# Meat Grinder Question



## johnh12 (Jan 23, 2018)

I've always been told to run some bread through to push any remaining meat through the auger but a recent Good Eats show said to run a piece of cellophane through as a final step.
That sent me to the all knowing internet where I found a similar article from Good Eats that recommended a couple of wadded up paper towels.
I have a Cabela's 1.5 HP Carnivore (#32) that will probably eat anything thrown at it but I don't want a complete mess to clean after I'm done.
So what's the consensus from the all knowing Smoking Meats folks?
Bread, cellophane, or paper towel?
Or maybe don't worry about that last bit of meat at all?
Thanks folks.


----------



## muddydogs (Jan 23, 2018)

My grinder doesn't leave enough to worry about so I don't bother.


----------



## oddegan (Jan 23, 2018)

The only thing left in mine is some connective tissue wrapped around the base of the blade. I would not want to risk having bits of plastic in my sausage or stuck in my machine till next time. I can't imagine there is all that much left in your machine. If it doesn't amount to much give it to the dog.


----------



## buzzy (Jan 23, 2018)

oddegan said:


> The only thing left in mine is some connective tissue wrapped around the base of the blade. I would not want to risk having bits of plastic in my sausage or stuck in my machine till next time. I can't imagine there is all that much left in your machine. If it doesn't amount to much give it to the dog.


X2


----------



## tallbm (Jan 23, 2018)

Bread so if you do push the last edible stuff out then you only get edible bread coming through with the meat and it will be negligible when you mix it all up or cook with it should some bread mix in with the good meat.
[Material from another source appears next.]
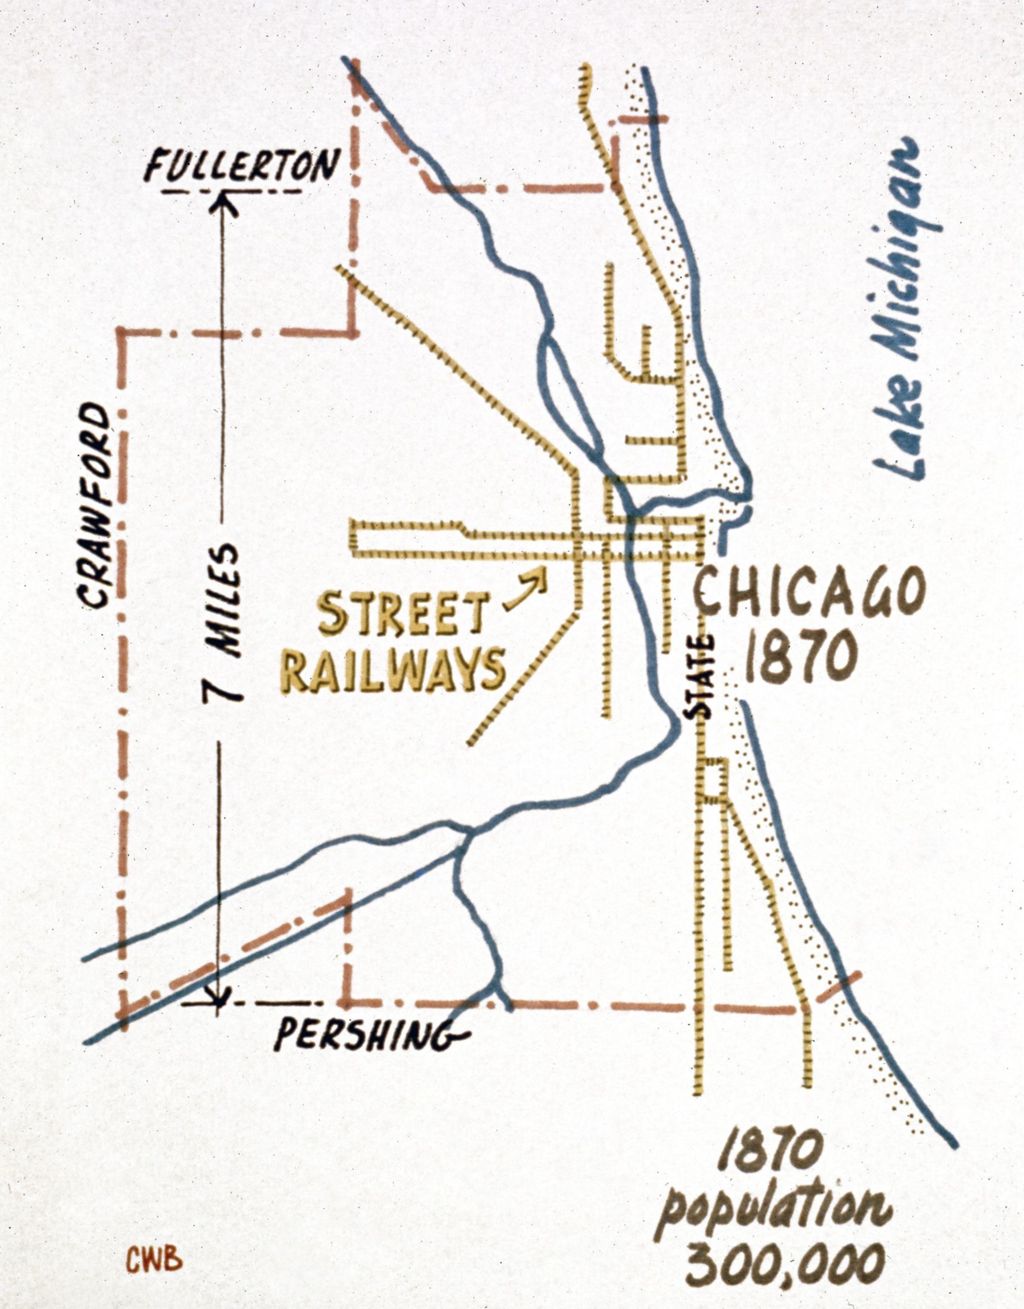 Street railways, Chicago 1870

I wouldn't want to eat plastic or paper towel :)


----------



## motocrash (Jan 23, 2018)

Bread as aforementioned;)


----------



## johnmeyer (Jan 23, 2018)

oddegan said:


> The only thing left in mine is some connective tissue wrapped around the base of the blade. I would not want to risk having bits of plastic in my sausage or stuck in my machine till next time. I can't imagine there is all that much left in your machine. If it doesn't amount to much give it to the dog.


+1. I get the same gristle and don't see any upside to using it. If there is any meat left, I just form it into a ball, put it into a little mini-skillet I have, and cook myself a single meatball.


----------



## SonnyE (Jan 23, 2018)

oddegan said:


> The only thing left in mine is some connective tissue wrapped around the base of the blade. I would not want to risk having bits of plastic in my sausage or stuck in my machine till next time. I can't imagine there is all that much left in your machine. If it doesn't amount to much give it to the dog.


 +3 
I just give the tiny amount left to my little buddy.


----------



## pops6927 (Jan 23, 2018)

That's the "meat cutter's treat"!  When tearing down the grinder (be it a little tabletop to a full throat standing 240        vac standing grinder), you use that remaining meat around the auger, collect it and cook it up.  You would be surprised how well a hamburger cooks on the sealing plate (Teflon cover removed) of the wrapper machine... or meatloaf mix, ground pork, ground lamb, hot/sweet sausage, etc.   Or, in my kitchen, in a small pan on the stove!  You don't want to try what's wrapped around the cutting knife (sinew, bone chips, gristle, etc.), but what's left in the grinder before washing it down is certainly delicious!


----------